The big concept in therapy is how do we do endings? How do we say to an individual or a family with whom we have been working, “You’re done”?

Our work is about completion, satisfaction, and separation.

At the inception we have to accept that the work will be done, so we decide our work together is done on the day we decide to start.

In the same way, we might ask, “When are we done with parenting our kids?’ We experience completion on the day they make a decision that we have no say in. Their decision is often marked by some ritual – getting married, moving out of the family home, or graduating from university. It is a psychological event when we suddenly realize our children can manage their own lives, though we might observe their decision-making and perhaps think, “I wouldn’t do it that way but it’s okay that they’re doing it the way they want to.”

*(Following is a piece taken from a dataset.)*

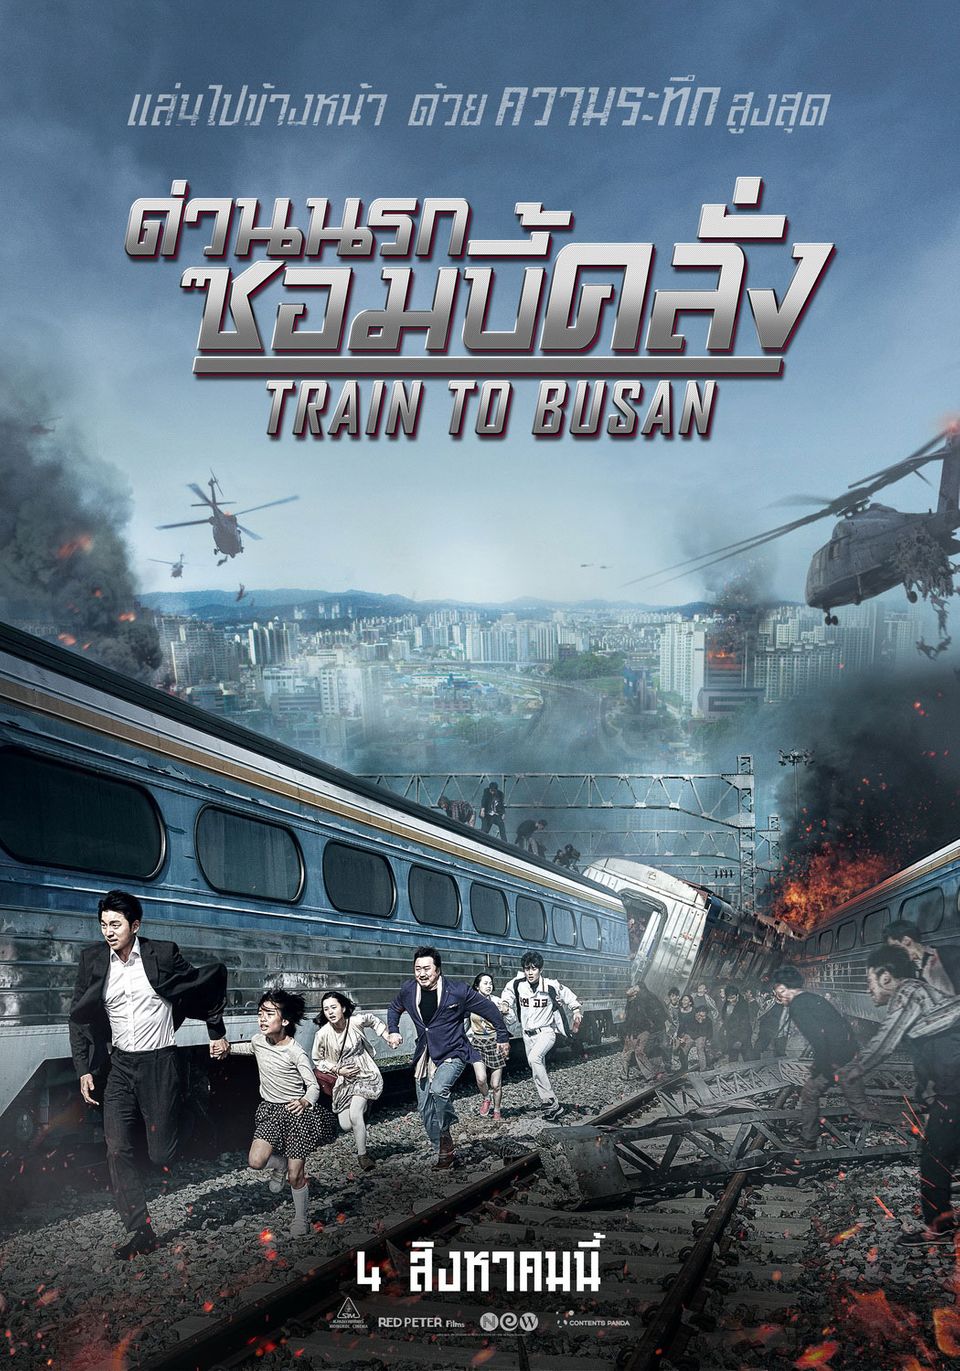 ภาพยนตร์เกาหลี “ด่วนนรก ซอมบี้คลั่ง” (TRAIN TO BUSAN)

Some programs don’t actually think about separation – they think about establishing the relationship, and that comes naturally because we are meeting someone we haven’t met before, and we spend time with them because they come to see us. But how do we do the final part of the therapy, and what does that amount to?

I think we have to do the ending part when we meet the person because what we inform our self with at that point in time is that their life belongs to them. We never actually take over their life in a way that we are going to be accountable and responsible for what they do.

For instance, when we introduce young people to work experience at the start of their vocational process, we want them to have the experience of separation as well as the experience of connecting. If a particular placement doesn’t work for them, it’s just as important as if it was successful because they have had the experience of being there and doing both connecting and separating.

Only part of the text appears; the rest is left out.